Четыре с половиной года назад, весной, их десятый класс поехал на экскурсию по Золотому кольцу. Он вдруг как-то по-новому разглядел тогда Вику Решетникову. Она показалась на редкость остроумной, веселой, от ее шуток угорал весь автобус. Ее округлые выпуклости под водолазкой и джинсами приобрели неожиданно манящие, возбуждающие очертания. Он думал о ней целую неделю, следил за ней на уроках и переменах, наконец набрался смелости, пригласил в кино. Они договорились, что он зайдет за ней ближе к вечеру. Вика встретила его в мини-халате с глубоким вырезом, с голыми руками и ляжками, усадила в кресло в своей комнате, сказав: «До фига времени еще, ты там полистай что-нибудь, я ногти быстренько накрашу». Села за стол напротив, закинула ногу на ногу и, старательно высунув язык, стала колдовать над каждым ногтем, периодически отставляя ладонь для изучения результата. По комнате поплыл зловонный запах ацетона с примесью сладковато-тошнотворного ароматизатора. Одновременно с этим в комнату вошел огромный персидский кот, подняв хвост трубой, стал курсировать вокруг Кирилла, недобро на него поглядывая. Кирилл догадался, что занял его насиженное место, хотел встать, но кот успел прыгнуть ему на колени и принялся яростно об него тереться. «Только не сгоняй его, он этого не любит, поцарапать может», – прокомментировала Вика, не отрываясь от ногтей.
Он сидел в ацетоновой вони, облепленный шерстью линяющего кота, и физически ощущал, как интерес к Вике Решетниковой растворяется в воздухе вместе с частицами ацетона. Она наконец поднялась, подошла к Кириллу вплотную, упершись коленями в его колени, изогнулась так, что ее груди в вырезе нависли над ним зажигательными бомбами, подсунула ему под нос растопыренные пальцы со зловеще поблескивающим черным лаком и потребовала: «Зацени». Он не нашелся что сказать. Встал и пошел в туалет. Пока собирал там с себя шерсть, подумал: «Надо же, я так хотел ее еще вчера…» С испорченным настроением, с отвращением даже, отправился с ней в кино. Во время фильма только и думал о бездарно потраченном вечере. Вдобавок ко всему на середине фильма у нее затренькал сотовый; вместо того чтобы отключить его, она принялась громко шептать в трубку какую-то патологическую чушь. «Банальная идиотка», – вынес Кирилл в уме окончательный вердикт.

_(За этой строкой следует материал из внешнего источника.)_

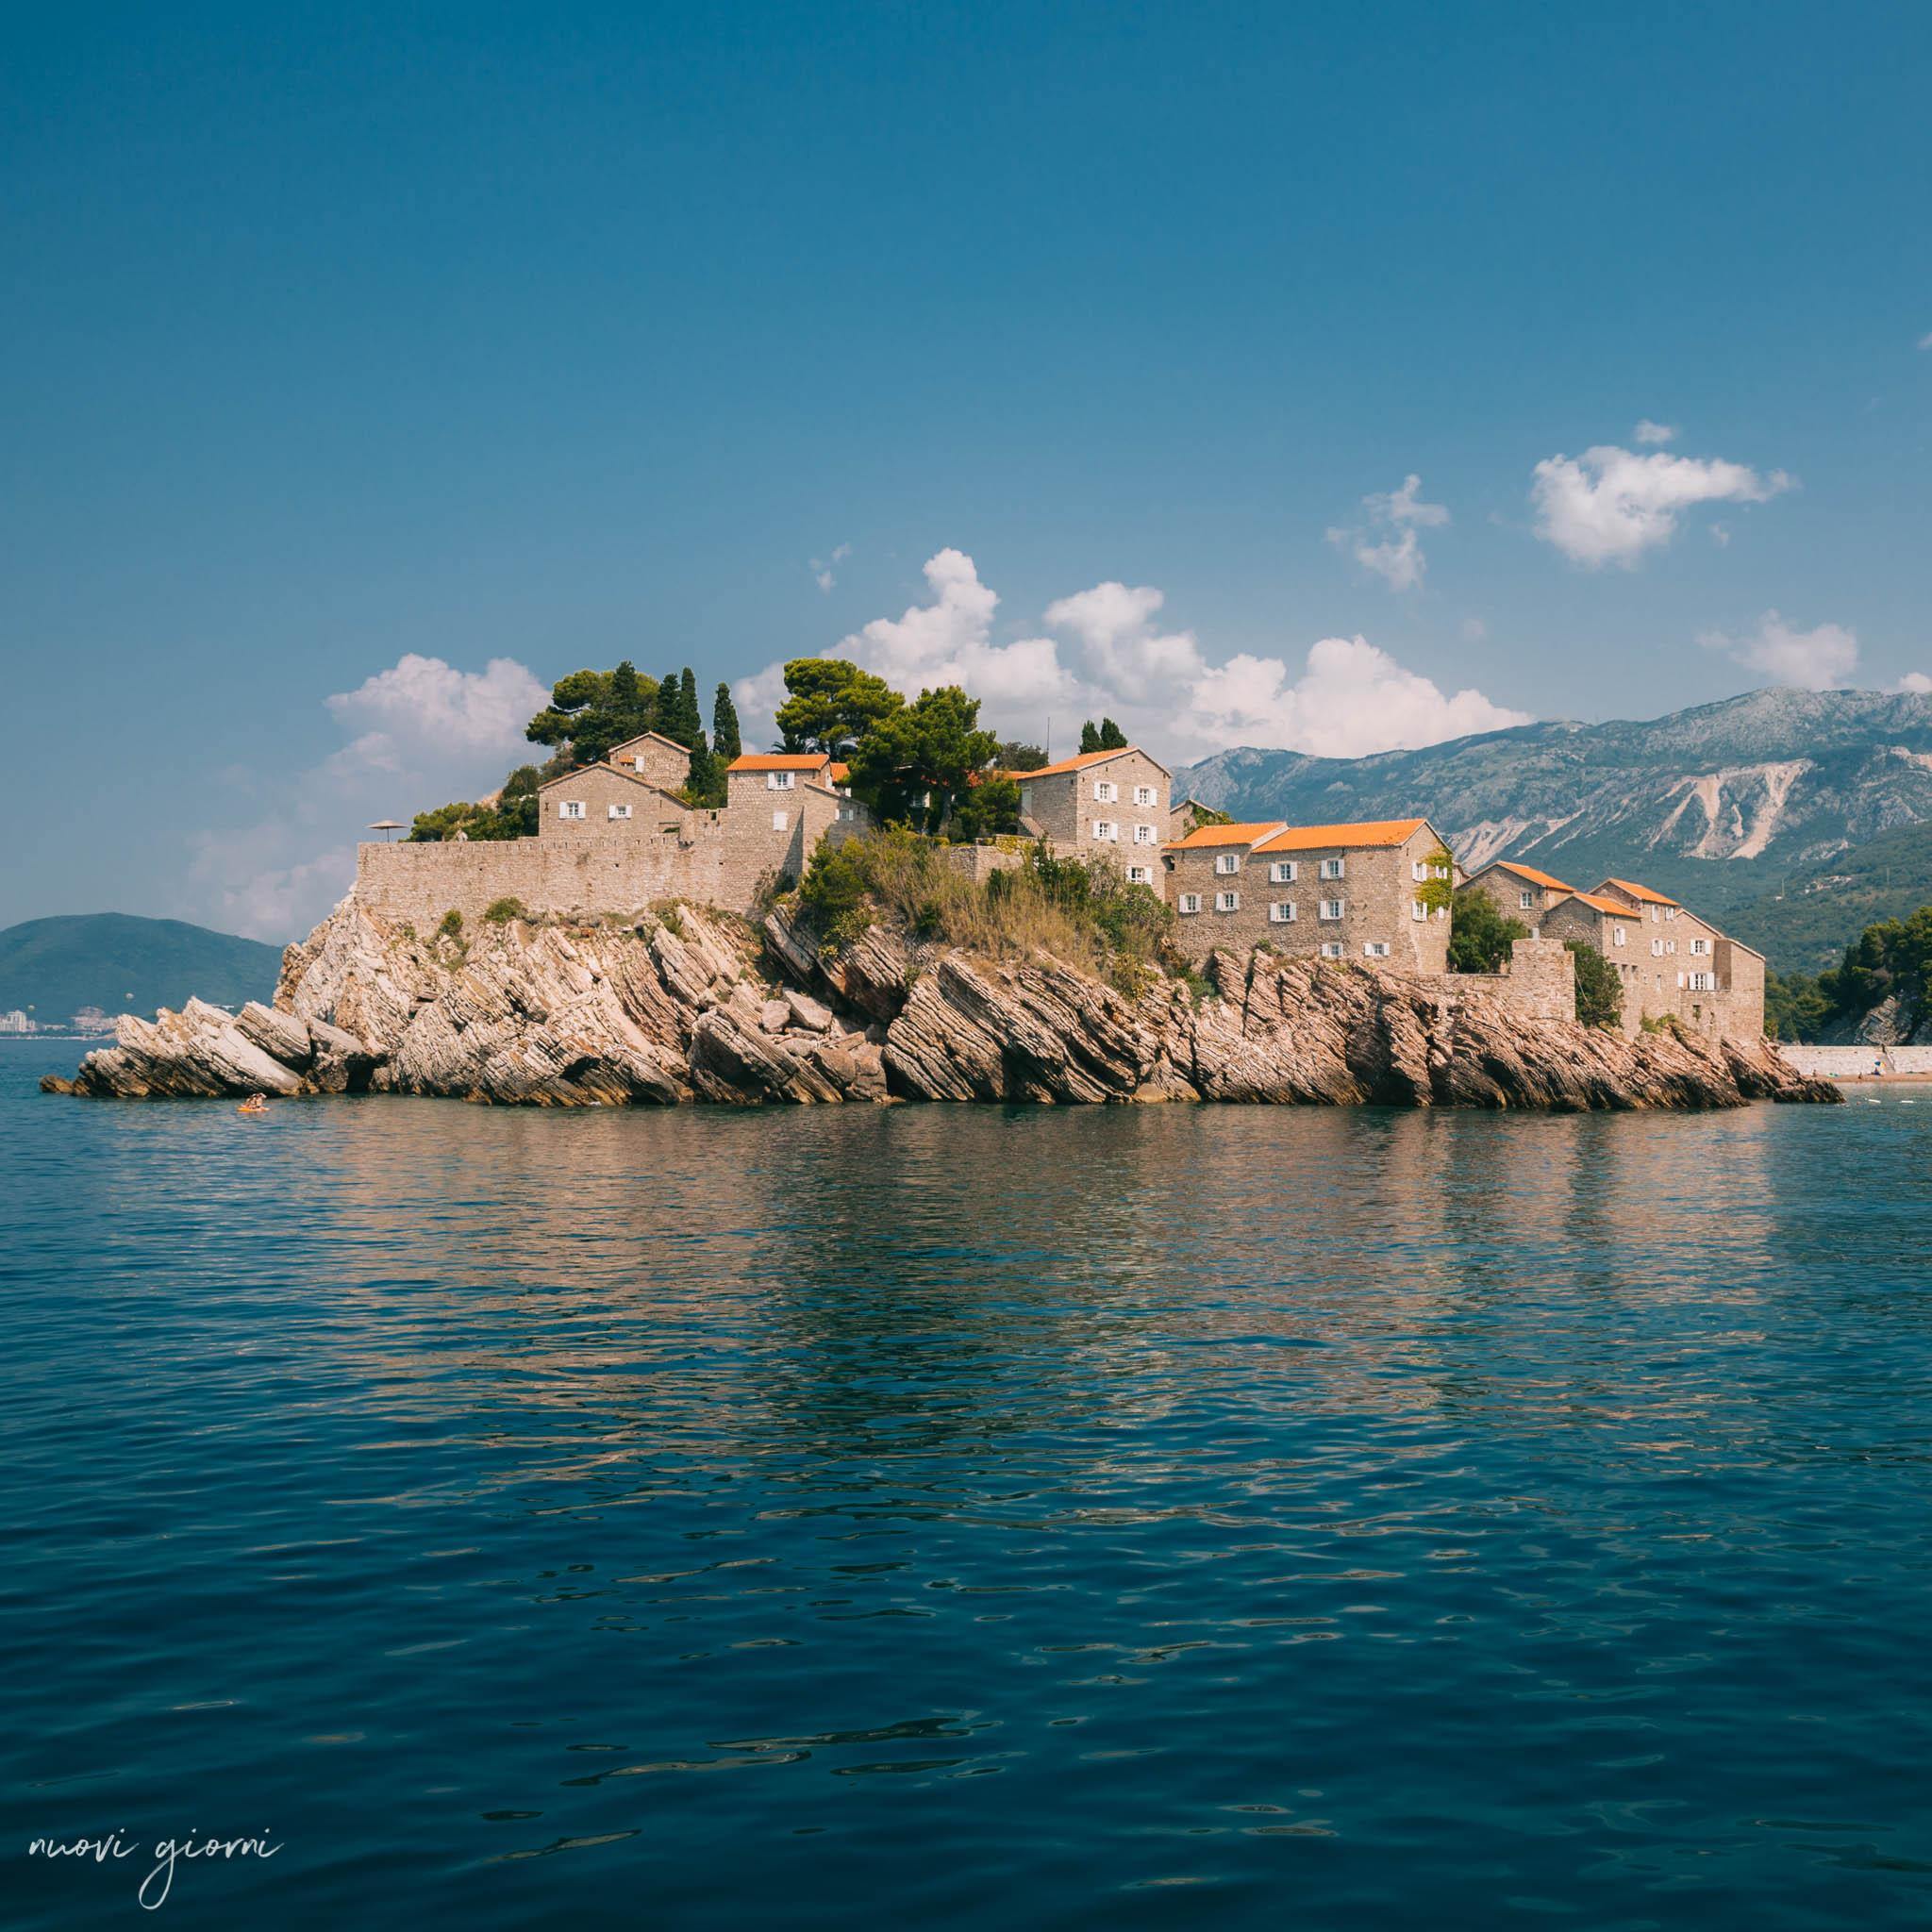 montenegro vacanza caicco gulet cruise nuovi giorni blog 60

Сквозь подушку просочился стук в дверь, вернувший Кирилла в домашнюю реальность. Отбросив подушку, он сел, хрипло сказал:
– Да.
Это была мать.
– Алексей не может на сотовый тебе дозвониться. Домашнюю трубку возьми! – раздраженно выкрикнула она.
Кирилл высунул руку в приоткрытую дверь, мать остервенело вложила ему в ладонь трубку.
– Да?
– У тебя телефон, что ли, разрядился? Звоню, звоню… Давай срочно приходи. У нас тут ЧП вселенского масштаба.
– Что за криминал?
– По телефону не хочу, детали при встрече.

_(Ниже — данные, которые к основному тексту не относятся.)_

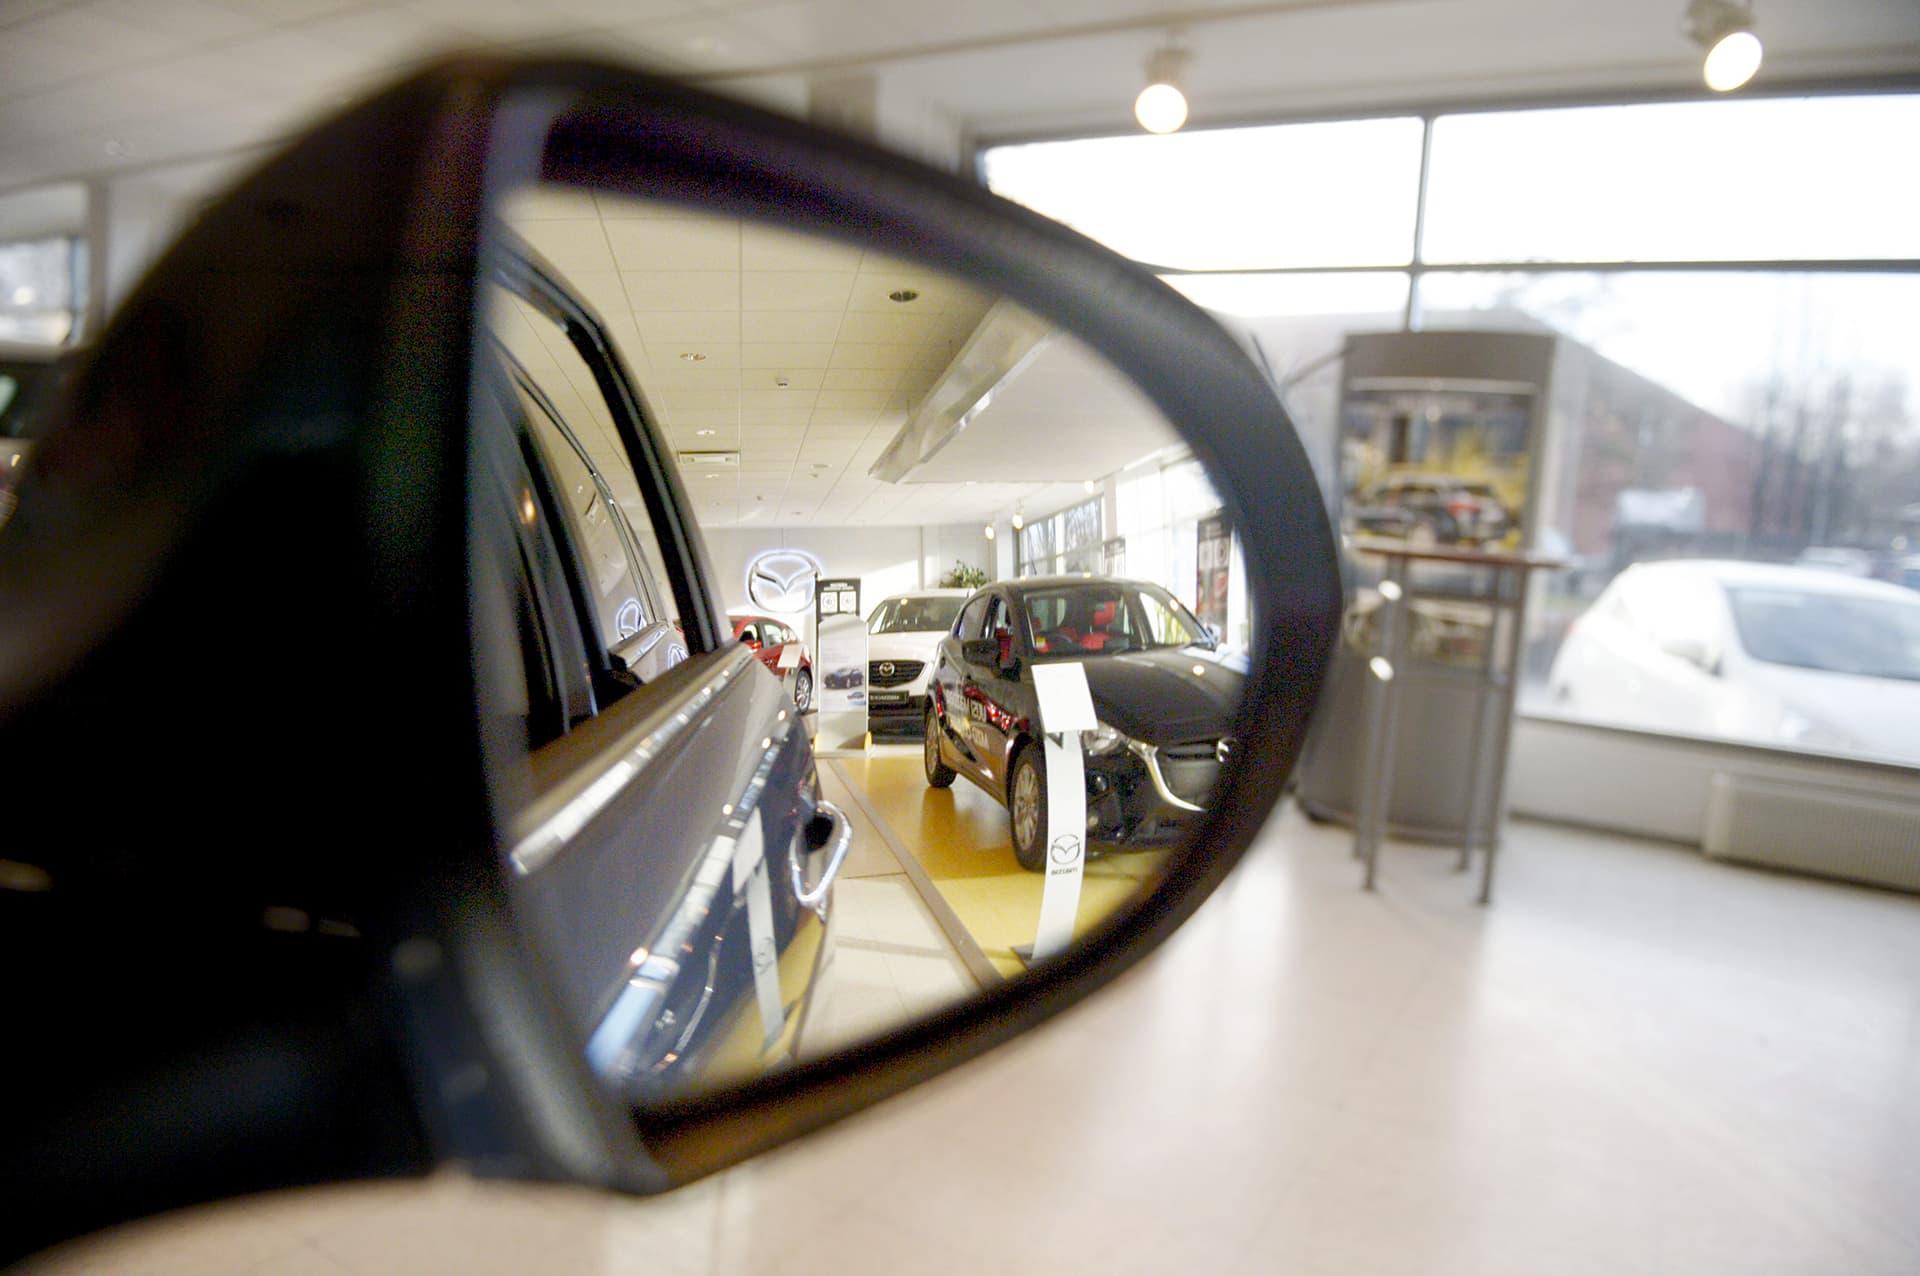 Myynnissä oleva autoja Delta-auton hallissa Konalassa Helsingissä.

Открывший дверь Алексей был заметно взвинчен:
– Отца из газеты уволили.
– С чего так? – искренне поразился Кирилл.
– Короче, пришло новое начальство, начались непонятные терки, тут отец со своей статьей о думских фракциях, попался под горячую руку.
Из кухни выглянула Лехина мать Вероника Евгеньевна:
– Кирочка, ты? Хорошо, что зашел. У нас, видишь, что происходит. Давайте, ребята, на кухню, разбавите атмосферу, а то слишком накалилась.
Кирилл с Алексеем прошли на кухню. За столом, кроме Олега Владимировича, сидел огромный бородатый дядька. Судя по разгоряченным лицам обоих, сидели давно.
– О, Кирилл! – обрадовался Олег Владимирович, приподнявшись из-за стола, приветственно протягивая в сторону Кирилла руки. – Лучший друг моего сына, между прочим, надежда российской математической науки.
– Ты не отвлекайся, продолжай, – пробасил «борода», наскоро кивнув Кириллу.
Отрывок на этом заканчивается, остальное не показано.